According to latest data from Markit, investors are flocking into UK bond market. ETF's saw their biggest weekly inflow of $123.4 million, in at least 12 months, according to Markit.
UK bonds are best performer in last two weeks among developed market peers, which forced the yields to slide sharply.
Majority of the slide is occurring at shorter end of the curve.
In last one week, (starting 26th June)
- UK 2 year yield has dropped more than 33% and today alone more than 11%.
- UK 5 year yield has dropped by 20% and today alone more than 7%.
- UK 10 year yield has dropped by 11% and today alone more than 8%.
- UK 30 year yield has dropped by 8% and today alone more than 4%.
What's driving the Gilt?
- A portion of the money is due to safe haven flow from Europe due to concerns over Greece.
- Largely it might be due to shortage of Gilt. UK chancellor George Osborne plans to cut current budget deficit of 5% and move towards a surplus by 2018/19. Which means lower debt issuance by UK government.
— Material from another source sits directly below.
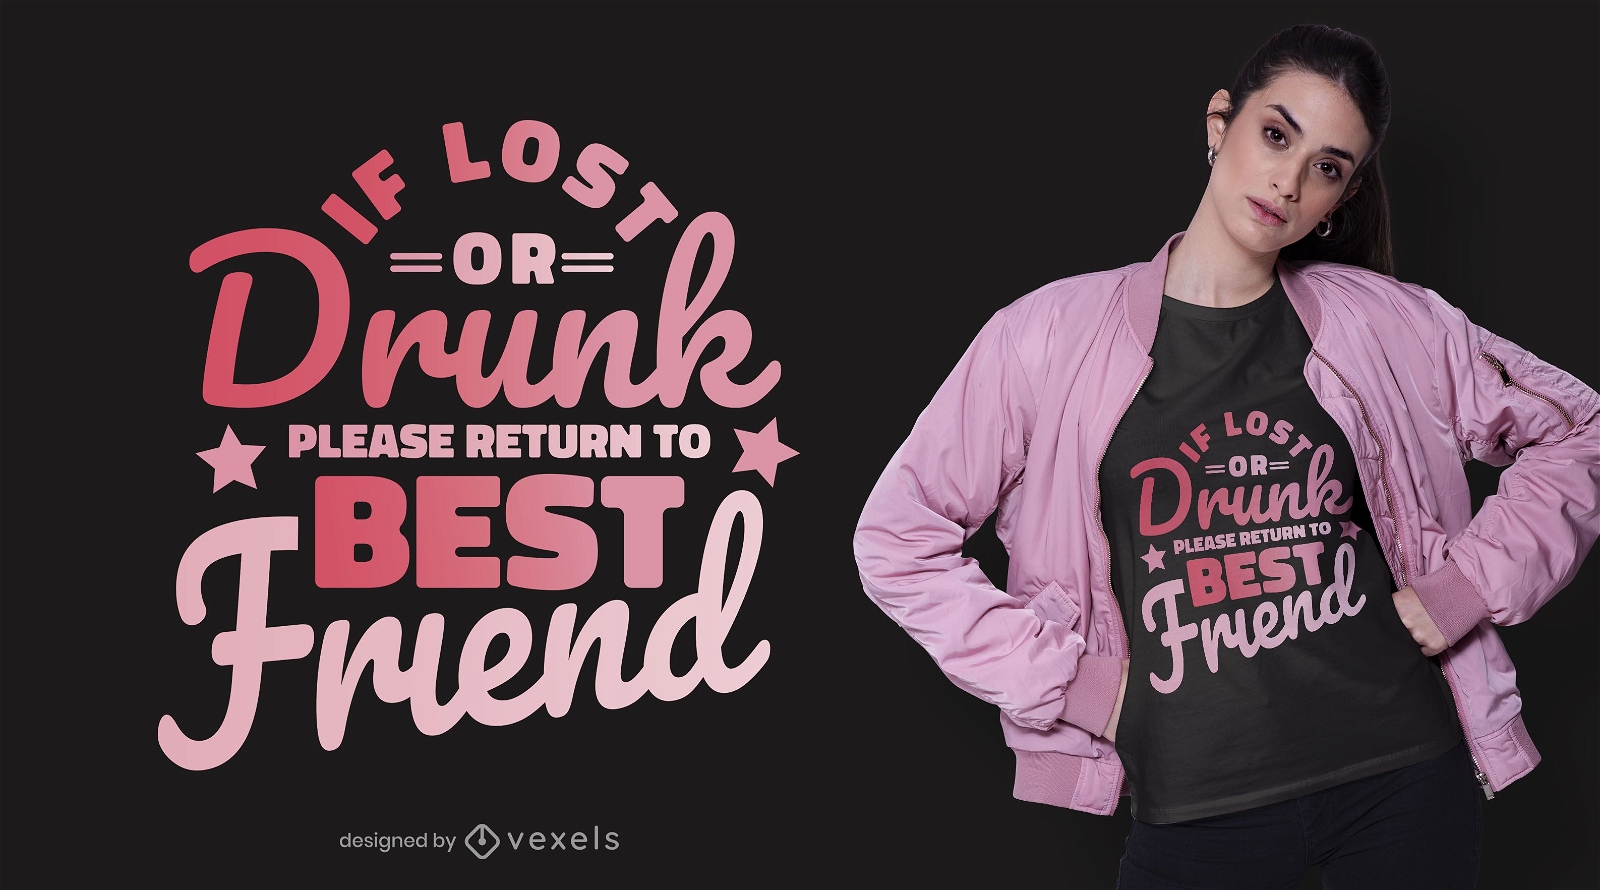 Verlorene oder betrunkene T-Shirt Design

Since most of the funding is likely to be on the longer end, short end of the curve remains in short supply.
- According to Citi, UK budget deficit could be £ 15 billion lower than originally estimated.
Last week's auction showed heavy demand in issuance market, with bid to cover ratio reached 1.71, highest so far this year.
Pound has fallen victim to lower yields, currently trading at 1.542 against dollar.